?不愿正视过去的姜昊带着一对的疑问和愤怒跑出龙叩家,接着出了仑苍镇,估计这下已经回到劫天堡了。他需要时间来缓冲一下刚才的心情,同时也需要时间去把劫天堡里的事弄个清楚。
而此时陪在母亲身边的龙叩自然是被一堆疑问缠着,看着已经连呼吸都困难的母亲躺在床上正用尽力的摆出一副安详面容看着自己,龙叩此时能做的就是在母亲弥留之际听她说完这最后的话。
......
“母亲,我父亲真的是你口中说的那个仇啸天么?既然我父亲是他那昂问又会是谁?”龙叩急着向母亲寻求解释,之前不知道自己父亲是仇啸天时就觉得昂问和自己总是隔着一层无法逾越的鸿沟,或许到此时用这个事实就可以解释为什么龙叩心里会有那样的感受了。
“来,扶我坐起来!”刚躺下的母亲只觉得这件事必须要严肃的告诉龙叩,于是便又在龙叩的帮助下,艰难的坐了起来。
“......是时候要告诉你你这些事了,这一切都怪母亲,不该瞒着你的!”说着,母亲此时虔诚的双眼像是在给龙叩淡淡的说了声说对不起。

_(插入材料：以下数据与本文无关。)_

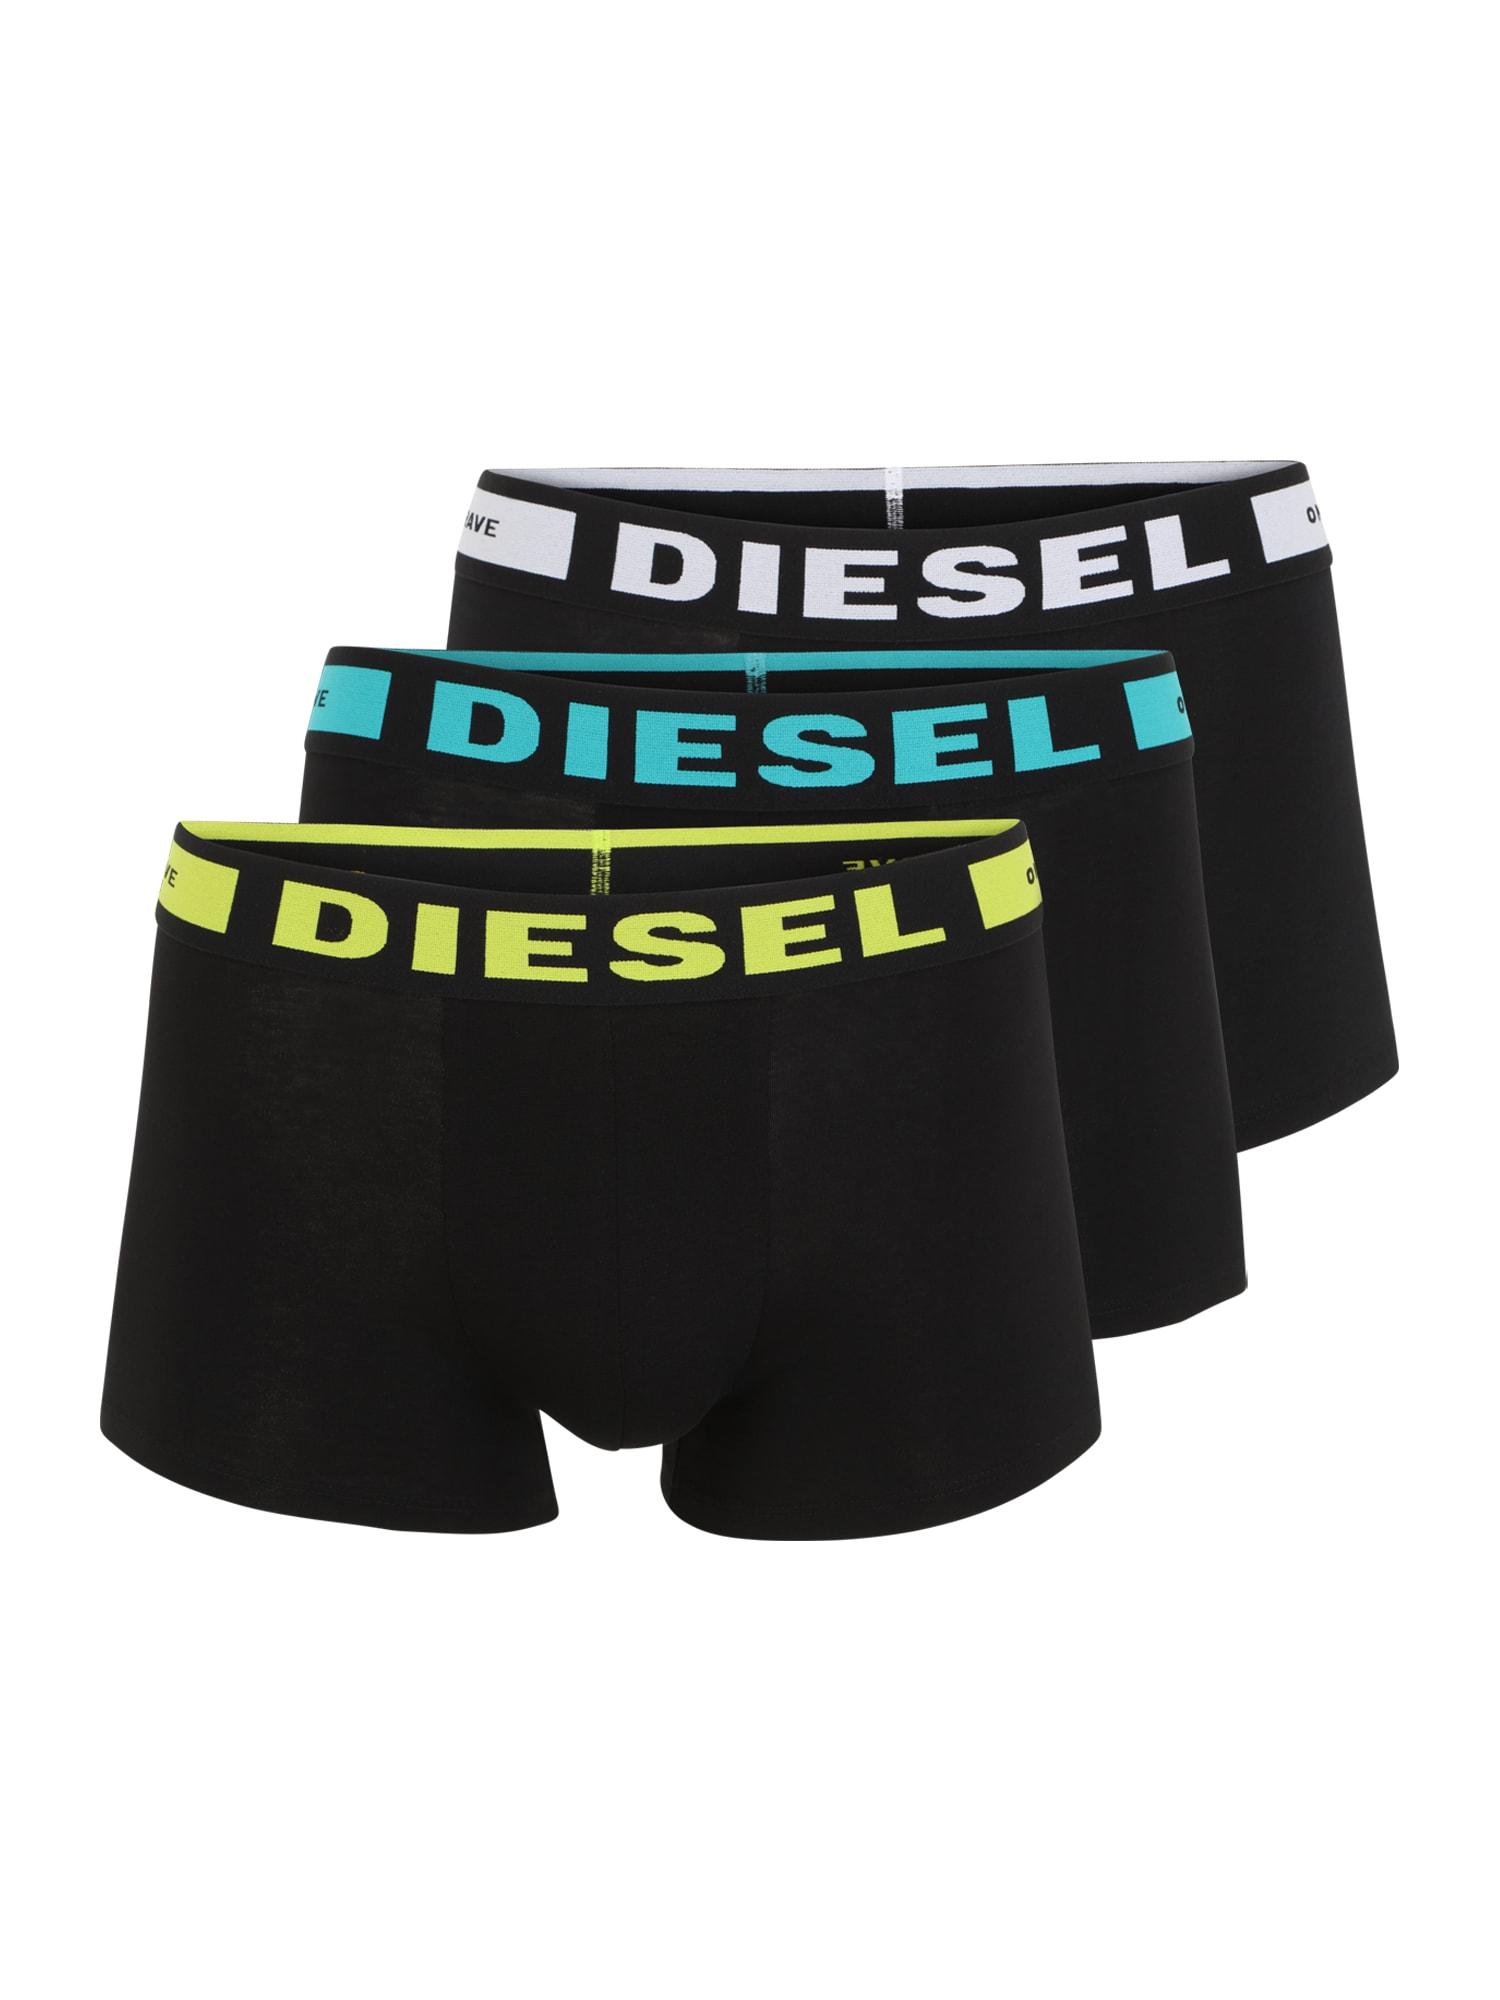 DIESEL Boxer trumpikės juoda / geltona / balta / turkio spalva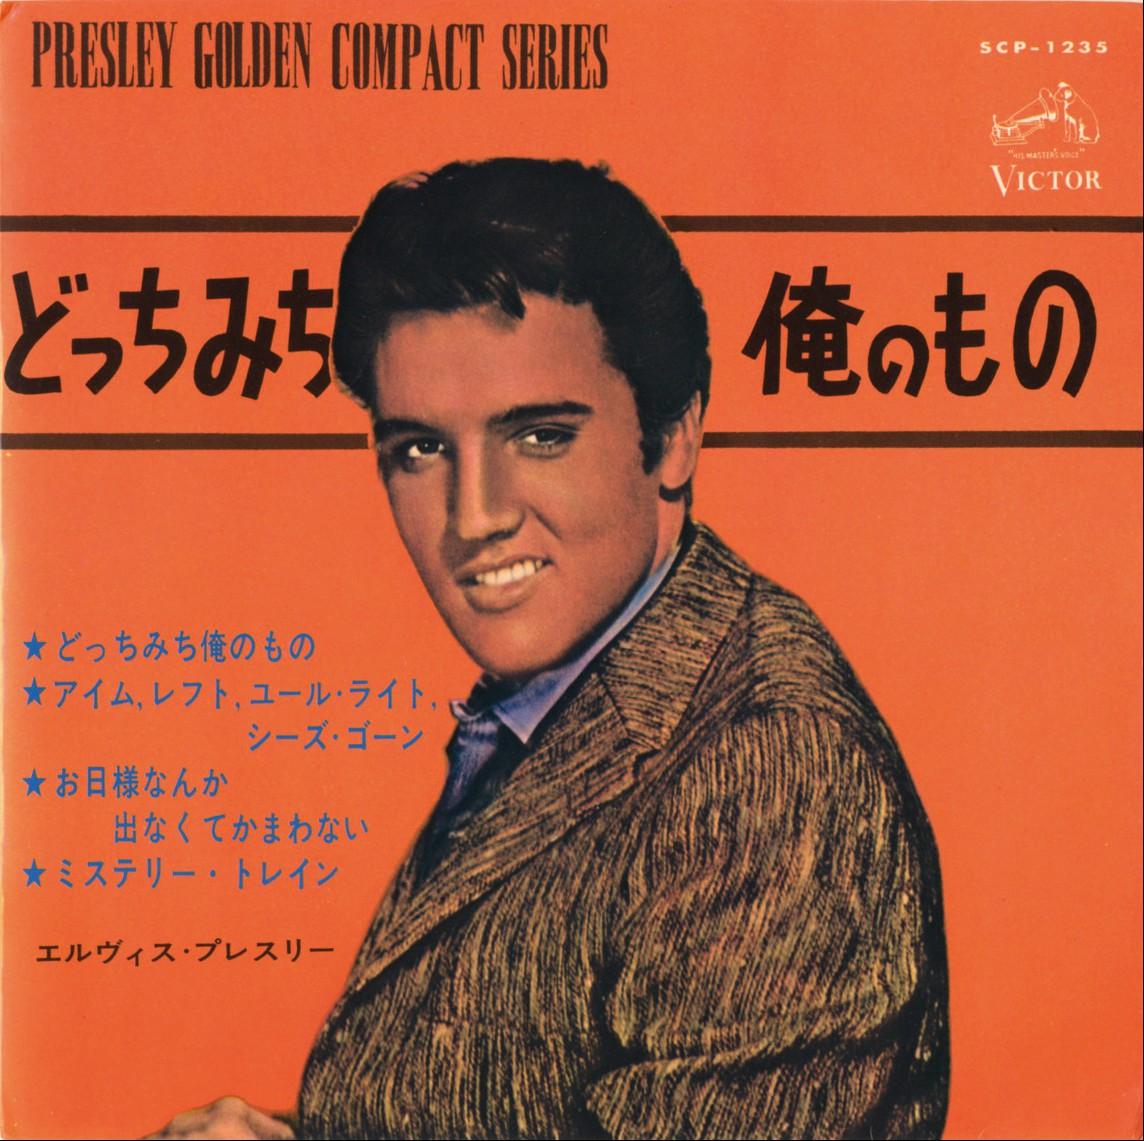 Diskografie Japan 1955 - 1977 Scp-123593sey

“龙叩听着,母亲快说吧!”此时的龙叩也越看母亲的神情越是觉得下面一定有自己一直期待的那些回忆。说完,龙叩便做出一副倾听者的样子注视着母亲那让人怎么看怎么舒服的仪容。
“你的父亲就是仇啸天,他在当年那场和姜炎的战斗中......”只见母亲眼角也在不知不觉湿润,她也变得和姜昊一样,至今仍是不愿相信这这个事实。
从母亲欲言又止的神情中,龙叩也基本知道他的父亲仇啸天怎么了,但龙叩却是一场坚强的没落下一滴泪,因为从未见过自己的亲生父亲,自然也不曾和他有过任何交集,到最后也就自然不会有任何情感在里头。
“你父亲弥留之际叫我把这个交给你,本来早就有那个该给你的,但是......”说着,母亲从身上取下那个一直不离身的锦囊。(这里又停顿是因为当时有昂问在一旁的的话,这让玉儿一直拖着没告诉自己的儿子。)
“这是什么?”龙叩望着一个精巧的锦囊不解的看着母亲。
“这个锦囊有你父亲想要给你的,本来相应的还有那把被抢走的天玄尊和那件破败的玄天战甲,但在刚才的战斗中,天玄尊......”母亲一边说着,一边将那个锦囊放到龙叩手中。当说到天玄尊的遭遇时,母亲忍不住的又流下一滴泪,她在为自己感到自责,可能是没有保护好这件家族至宝的缘故吧。